There are three parts to the ear: the outer ear, the middle ear and the inner ear. Each part has special functions and can be affected by specific diseases that cause different symptoms and problems. As a premier specialty hospital in NYC, dedicated to hearing disorders, the ear specialists at the Ear Institute offer the latest medical and surgical treatments and support services to children, adults and seniors affected by hearing and balance disorders in a safe and comfortable environment.
How Do We Hear?
The outer ear
The outer ear has two major parts, the pinna and the external auditory canal. The pinna is that part of the ear that protrudes from the side of the head and is clearly visible when we look at someone. The pinna is the part of the ear with which we are all familiar. The function of the pinna is to collect sounds and funnel them towards the organ of hearing deep within the head. The external auditory canal is the channel that carries the sound collected by the pinna to the ear drum (tympanic membrane).
The middle ear
The middle ear is bounded on one side by the ear drum and on the other by the inner ear. The function of the middle ear is to take the sound collected by the outer ear and concentrate and direct that sound to the inner ear. As the sounds collected by the outer ear strike the ear drum the ear drum vibrates (like the top of a musical drum). There are three little bones in the middle ear that act as a lever mechanism and direct the sound energy from the vibrating ear drum to the inner ear. The first bone of hearing, attached to the ear drum, is called the malleus. The middle bone of hearing is called the incus. The smallest bone in the human body, and the one that presents sound to the inner ear, is called the stapes. These three bones act as a lever mechanism and transmit sound from the ear drum to the inner ear.
The inner ear
The inner ear has two key components, the organ of hearing and the organ of balance. The organ of hearing is called the cochlea. The cochlea contains fluid and little cells, called “hair cells.” These cells are called hair cells because there are tiny “hairs” on the top of these cells that float in the fluid of the inner ear. Each of the hair cells connects to a branch of the nerve of hearing that goes from the inner ear to the brain.

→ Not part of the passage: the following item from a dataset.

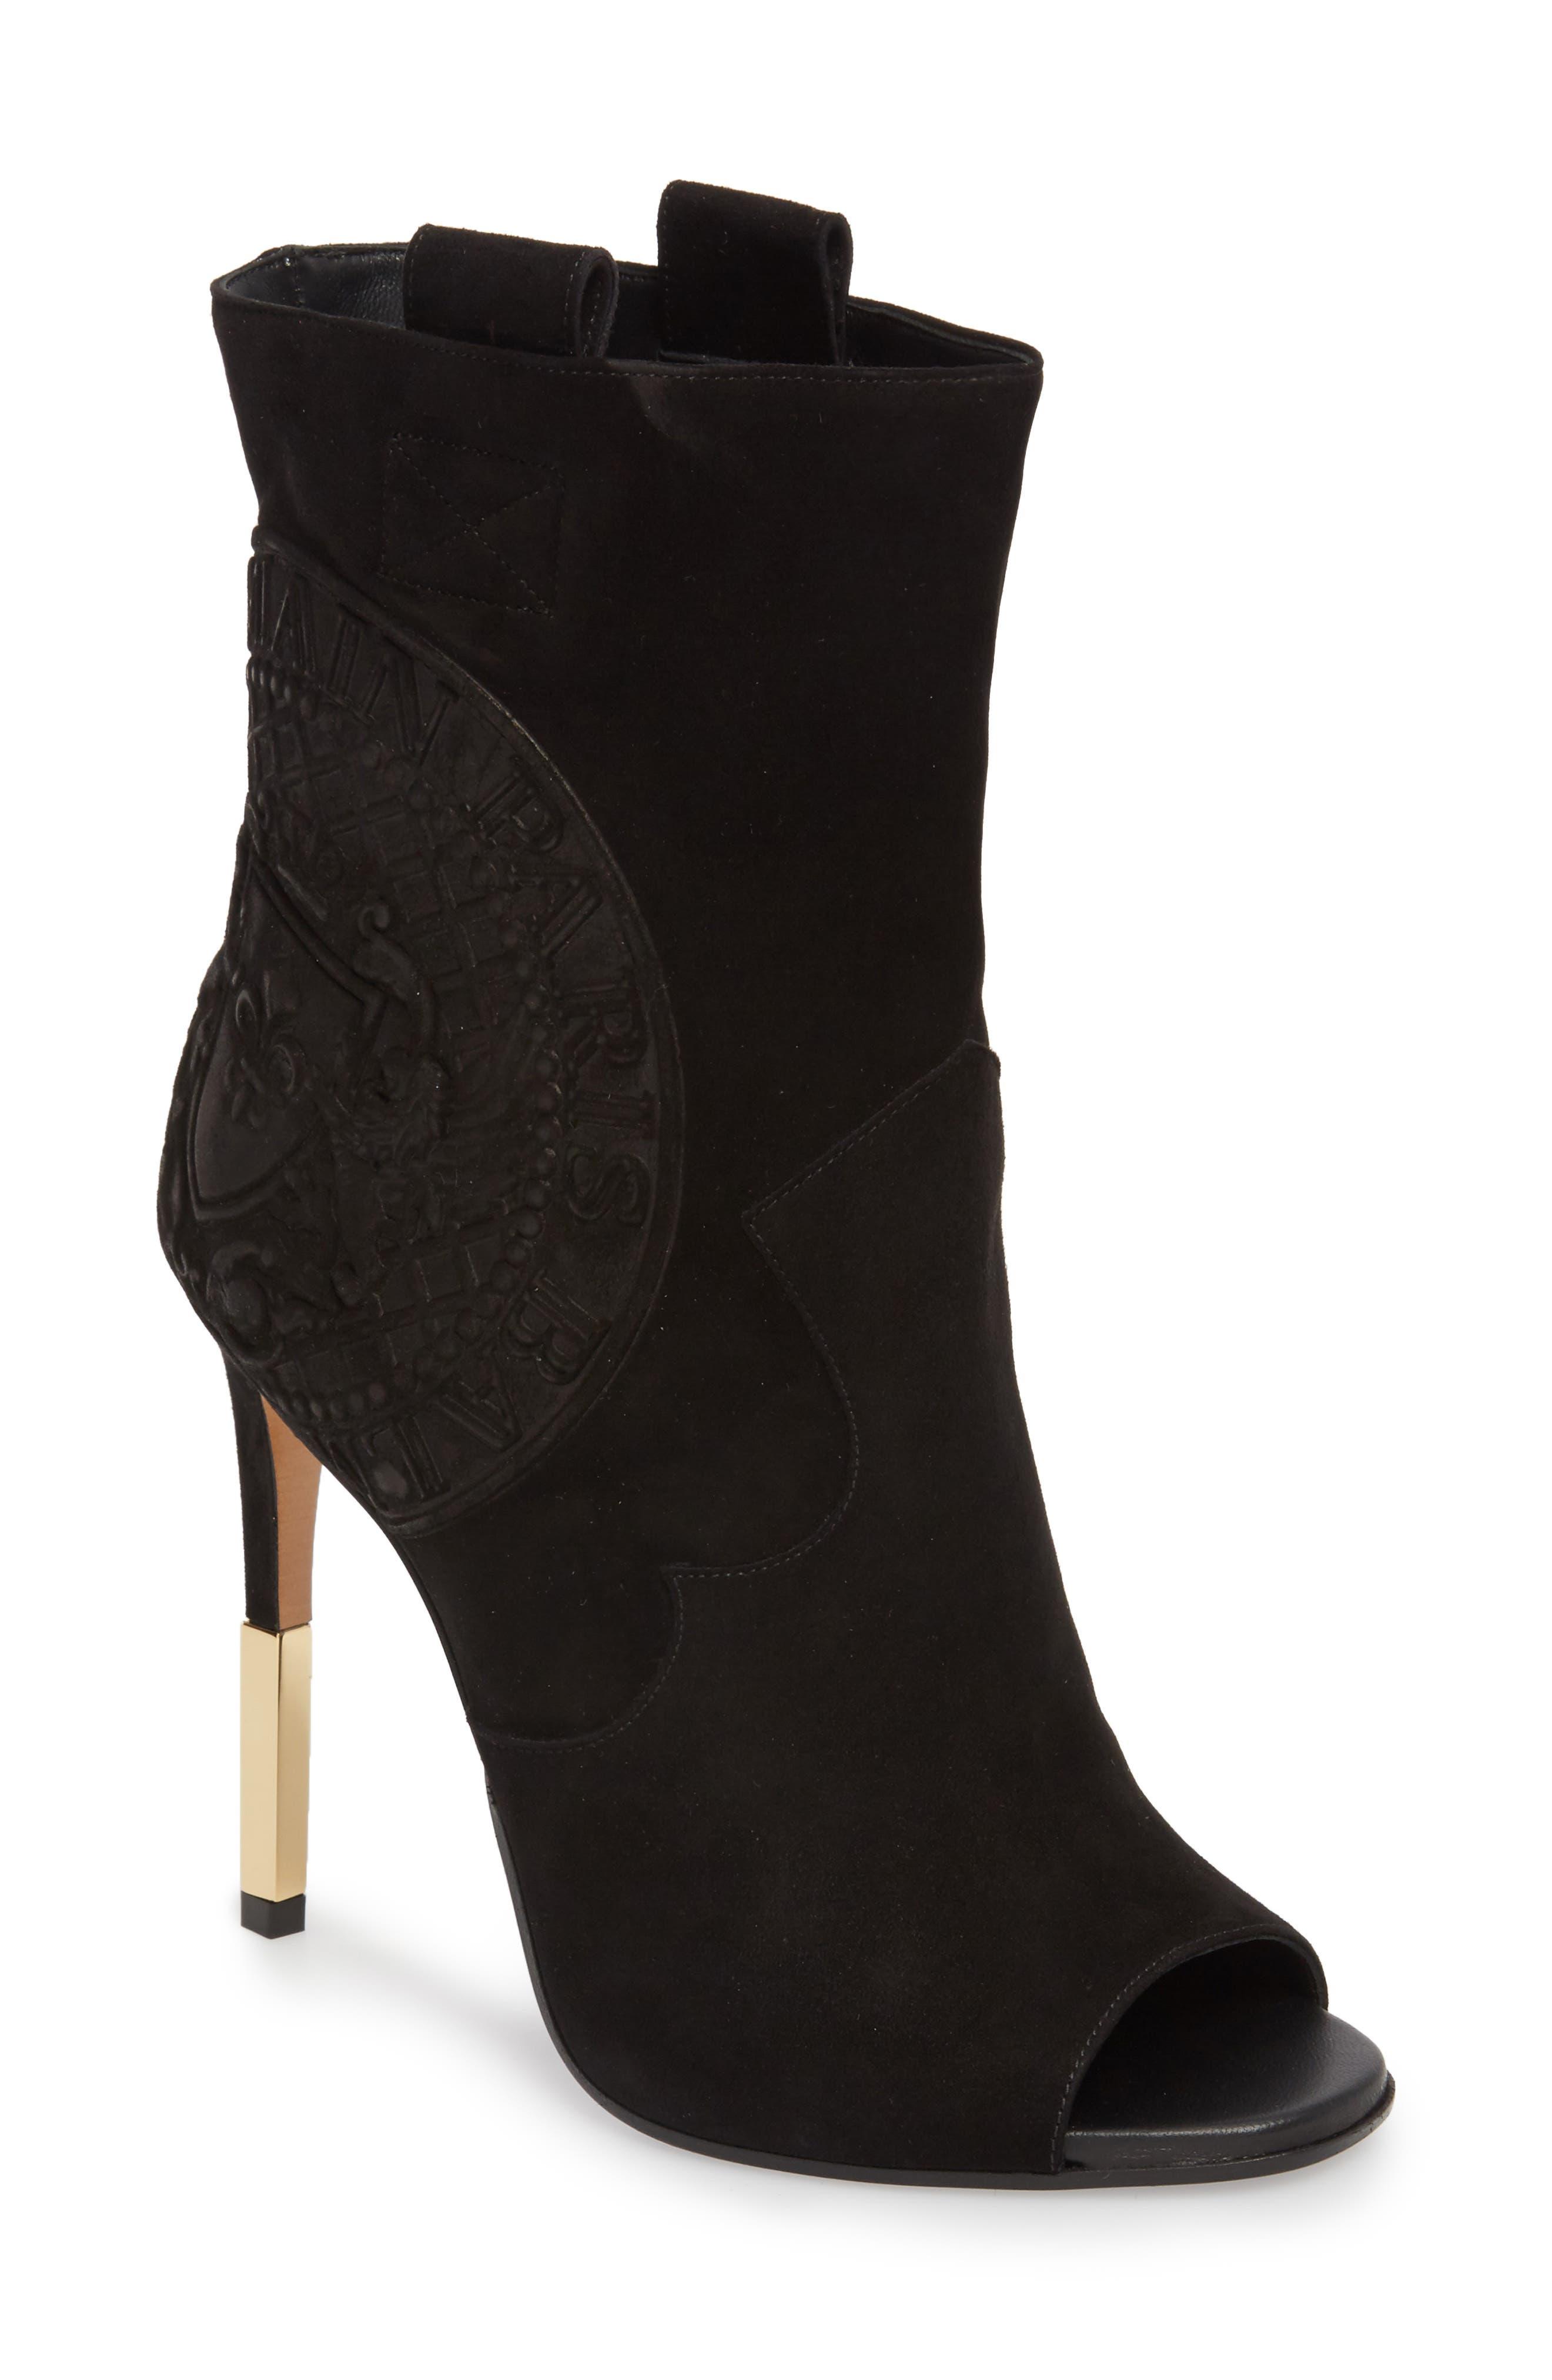 d71a434f0 Women s Boots Sale

The stapes bone sits in a window that separates the middle ear from the inner ear, called the oval window. When the stapes bone moves, the fluid of the inner ear moves and the little hairs on top of the hair cells bend. When these hairs bend the mechanical energy coming from the outer ear and middle ear is converted into an electrical signal that travels up the nerve of hearing to the brain, where we perceive sound and speech.
The organ of balance is called the labyrinth. There are hair cells in the labyrinth that are similar to those in the organ of hearing. When we move these hairs bend and we perceive motion. When we turn, we are aware that we are turning because the inner ear is being stimulated. When we go up in an elevator, we sense that we are going up because the inner ear is being stimulated. Vertigo is defined as the false sensation of motion that often happens when the inner ear malfunctions.